Local customers say they're beginning to feel the pinch.

"Our price rose tremendously in just five months," said Farmingdale resident Debora Toth, noting an increase to $2.99 on a recent purchase, from $2.34 during the summer.

Toth said when she called to challenge the price, the company, which she requested not be named, told her that increased costs such as COVID-19 protections for workers, new parts for trucks and other expenses have pushed up prices. Her husband called for the price several days later and found it had fallen to $2.84. The Toths have a service contract that’s built into the cost, and recently had their oil tank replaced.

"It’s always been a problem for the consumer" to navigate oil prices, Toth said, whether by shopping around, delaying purchases or deciding whether to lock in rates. The oil companies "aren’t regulated. Prices can be something one day, then 15 cents lower a few days later."

Consumer watchdog groups such as the Public Utility Law Project recommend that customers consider capped oil purchase programs from fuel suppliers, because they limit the per-gallon price for a year, but can take advantage of lower prices if the market declines. Lock-in programs hold the rate at a set price.

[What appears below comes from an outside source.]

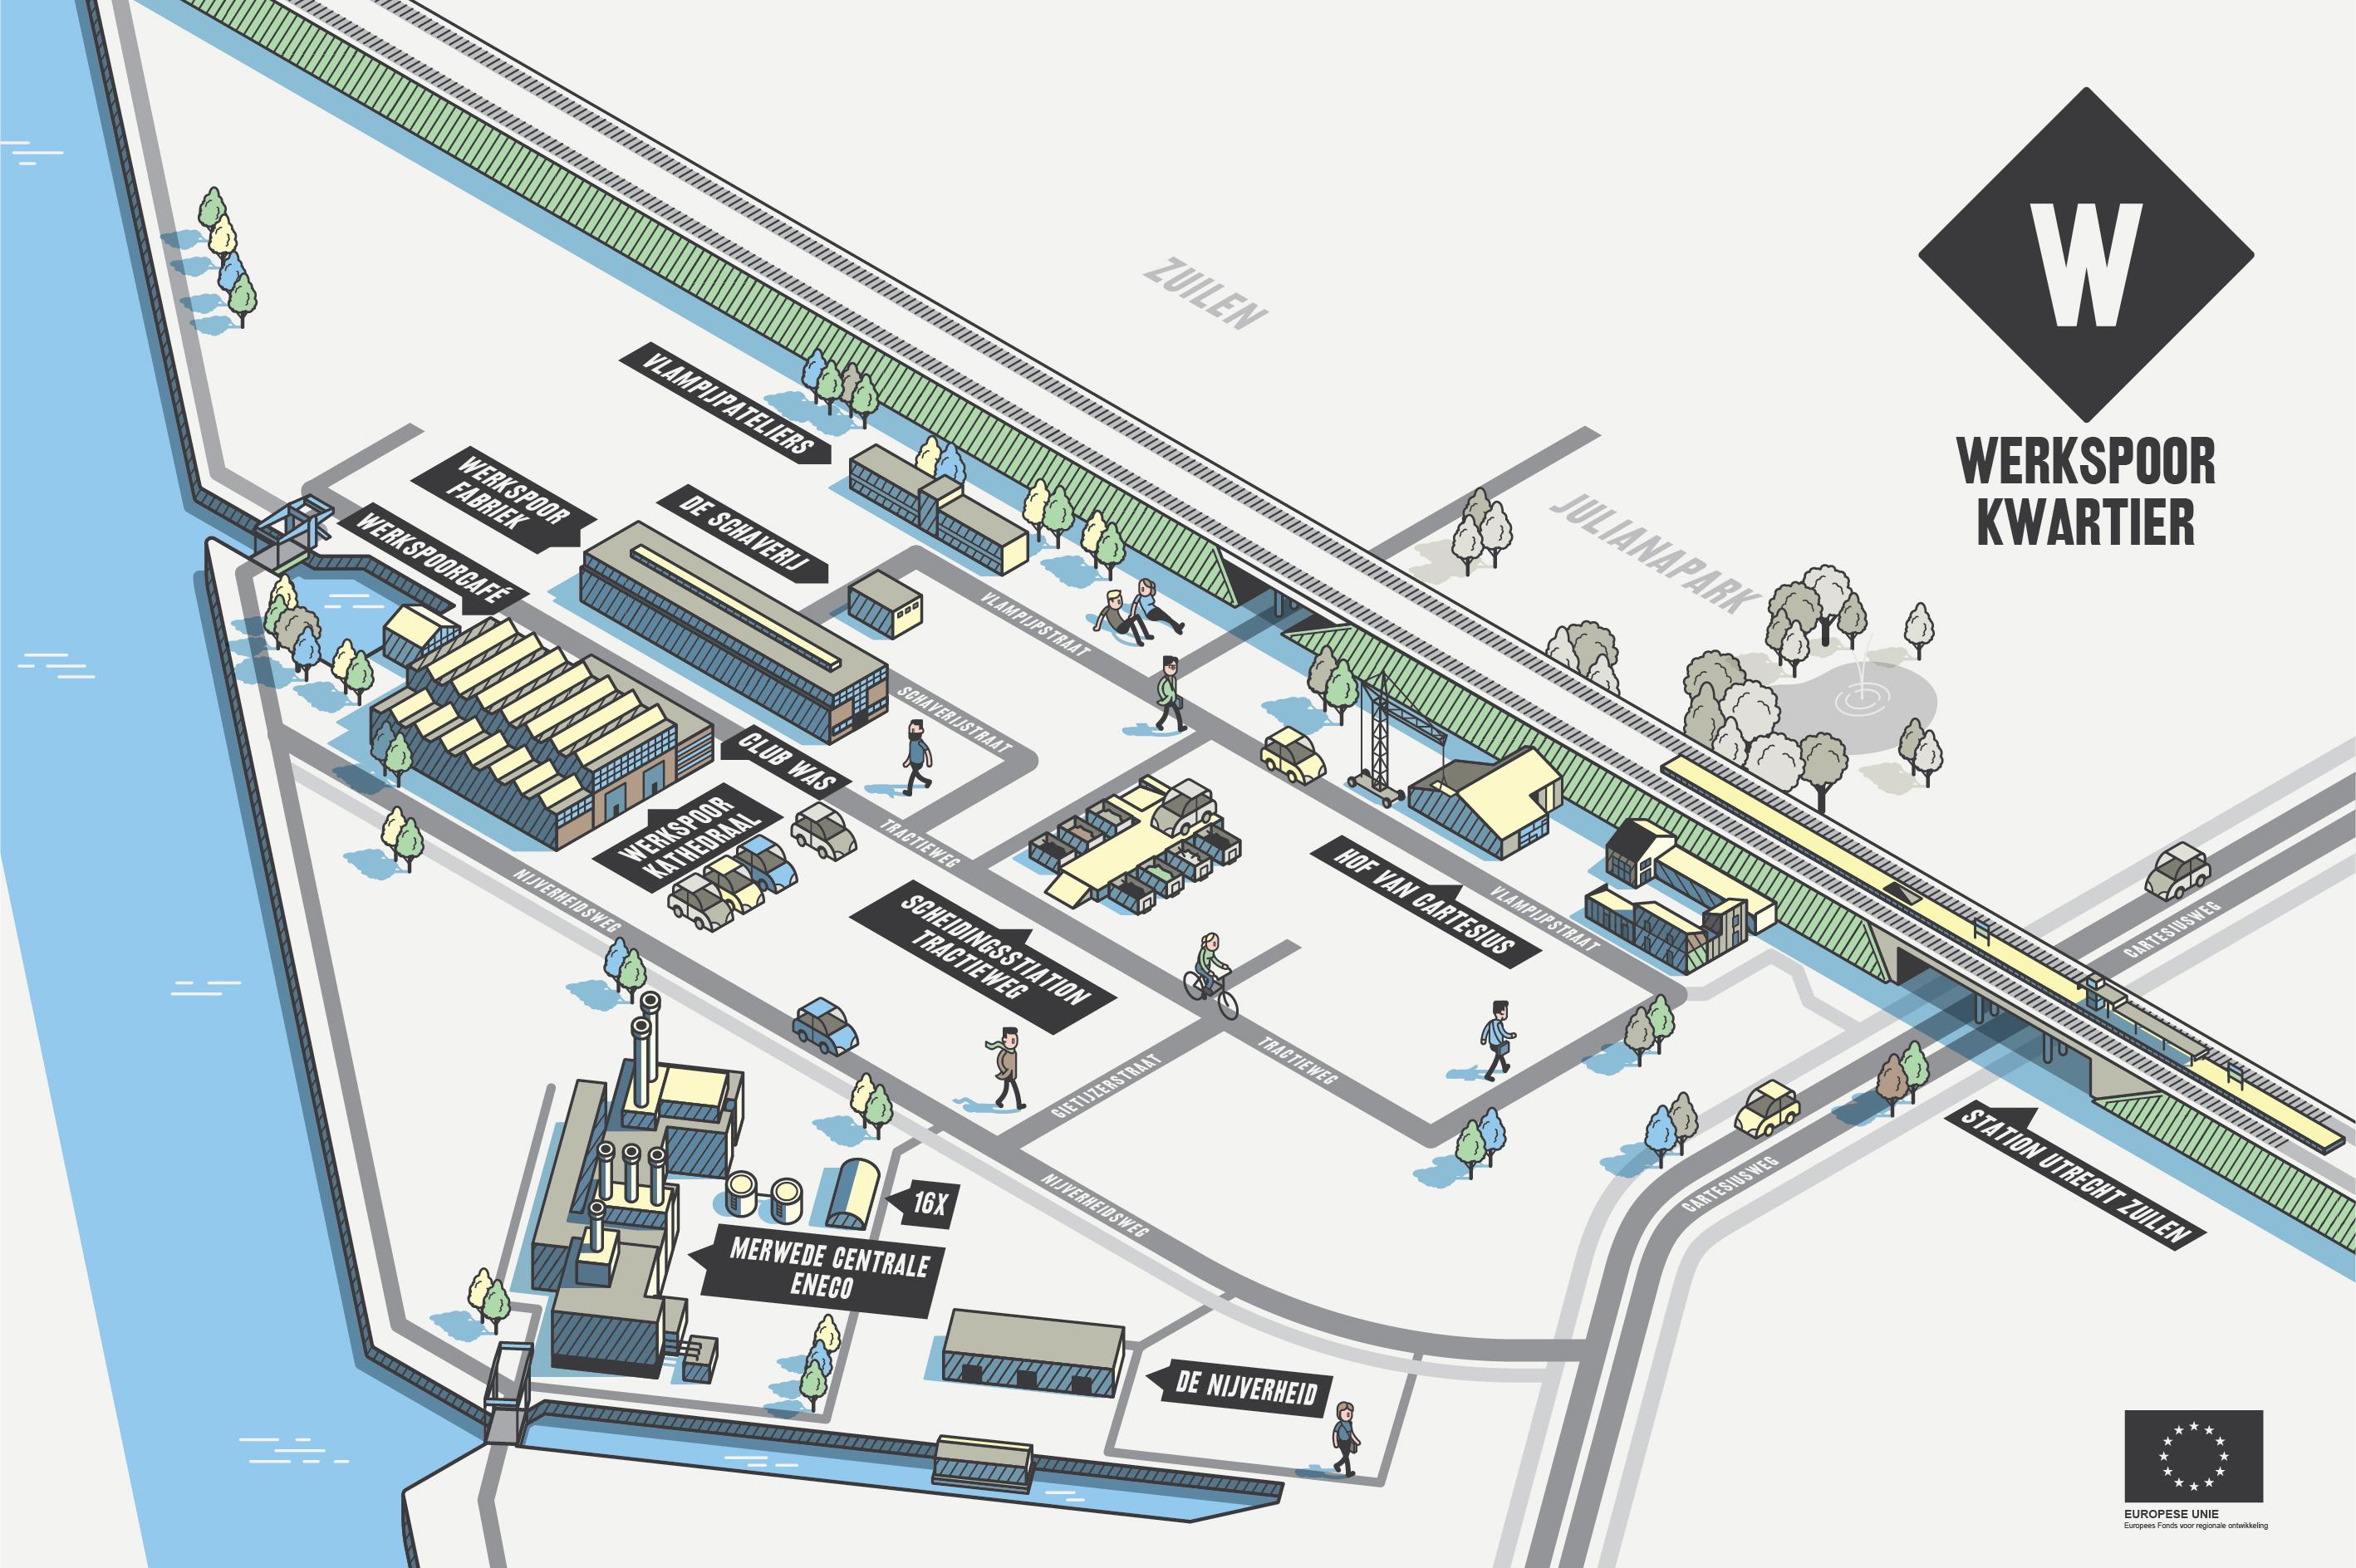 werkspoorkwartier locaties overzicht

The Nov. 30 price of $2.68 is a 21.3% decline from the average $3.41 Long Islanders paid in 2019. The percentage decline has been consistent for most of the year, following sharp crude oil market price declines in the wake of pandemic-led lockdowns and swelling inventories.

Long Island’s oil prices are already among the highest in the state. The only region that’s higher right now is Western New York, including the Buffalo area, where oil sells for an average $2.65 a gallon. It’s as low as $2.15 a gallon in the Albany area.

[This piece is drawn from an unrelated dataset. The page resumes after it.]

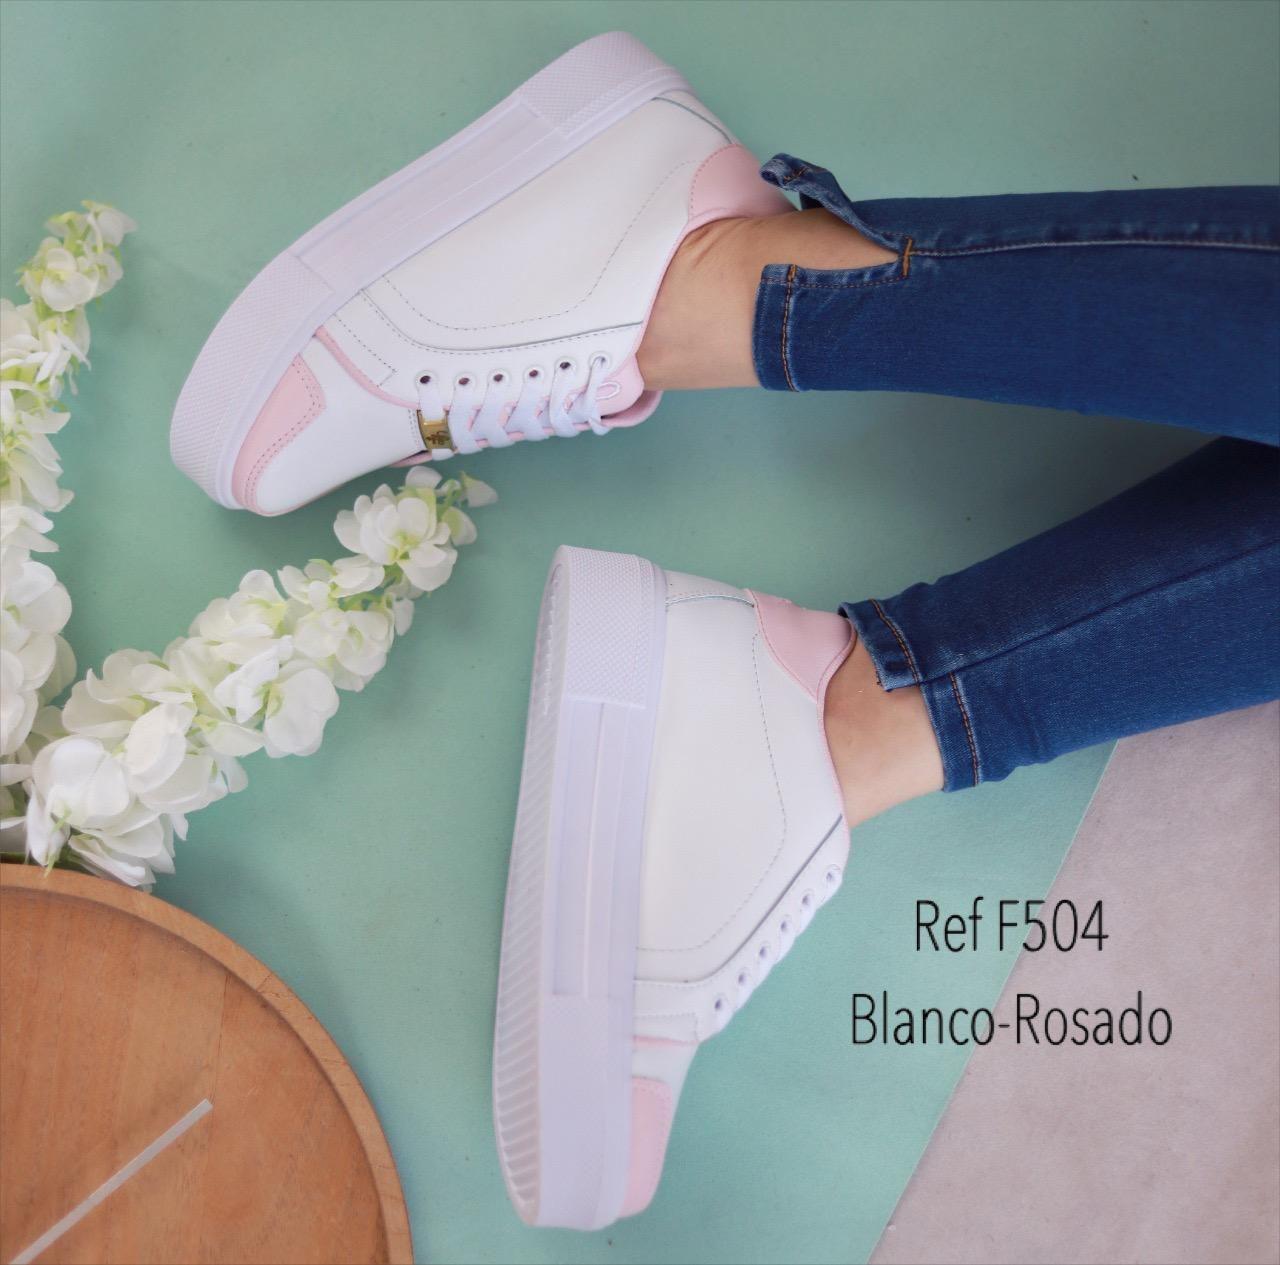 RefF-504 Blanco/rosado

The local increase in fuel prices comes as a federal agency predicts overall lower heating oil costs this winter.

The U.S. Energy Information Administration in October issued a report saying it expected winter heating costs for fuel oil customers to decline this year and next.

"We expect households that use heating oil as their primary space heating fuel will spend 10% less this winter than last, as lower crude oil prices and abundant fuel supplies drive retail heating-oil prices down, and offset colder winter temperatures," EIA administrator Linda Capuano said in a report. Nationally, average heating oil prices are projected to be $2.35 a gallon this winter; the current average is $2.208 a gallon. EIA spokesman Chris Higginbotham said prices could be higher in certain regions "reflecting higher logistical costs and various other challenges faced by retailers."

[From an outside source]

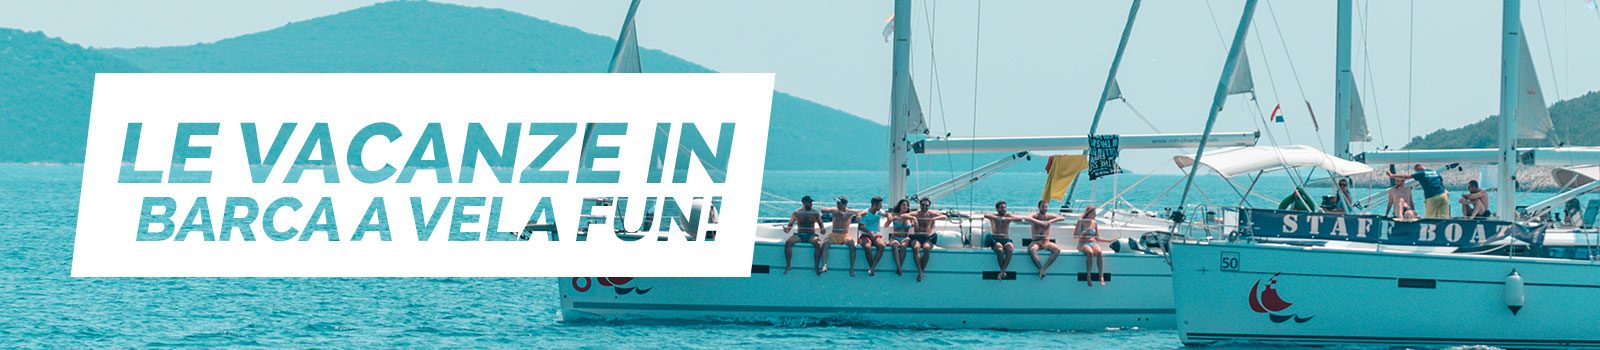 b1-barca-vela-vacanze

Meanwhile, the EIA said it expects natural gas based winter heating bills to rise this winter compared with last winter's, even though EIA projected the cost of gas itself to decline due to greater inventories. The reason, according to the EIA projection: cooler weather could increase overall usage of gas, more than offsetting the expected price declines.

National Grid, which supplies natural gas to some 600,000 Long Islanders, said the company didn't release an expected winter heating cost forecast this year, though a forecast could come this week.

The price of propane, meanwhile, reached $3.12 a gallon on Long Island last week, following a steady increase from a year-to-date low of $2.97 a gallon on May 11.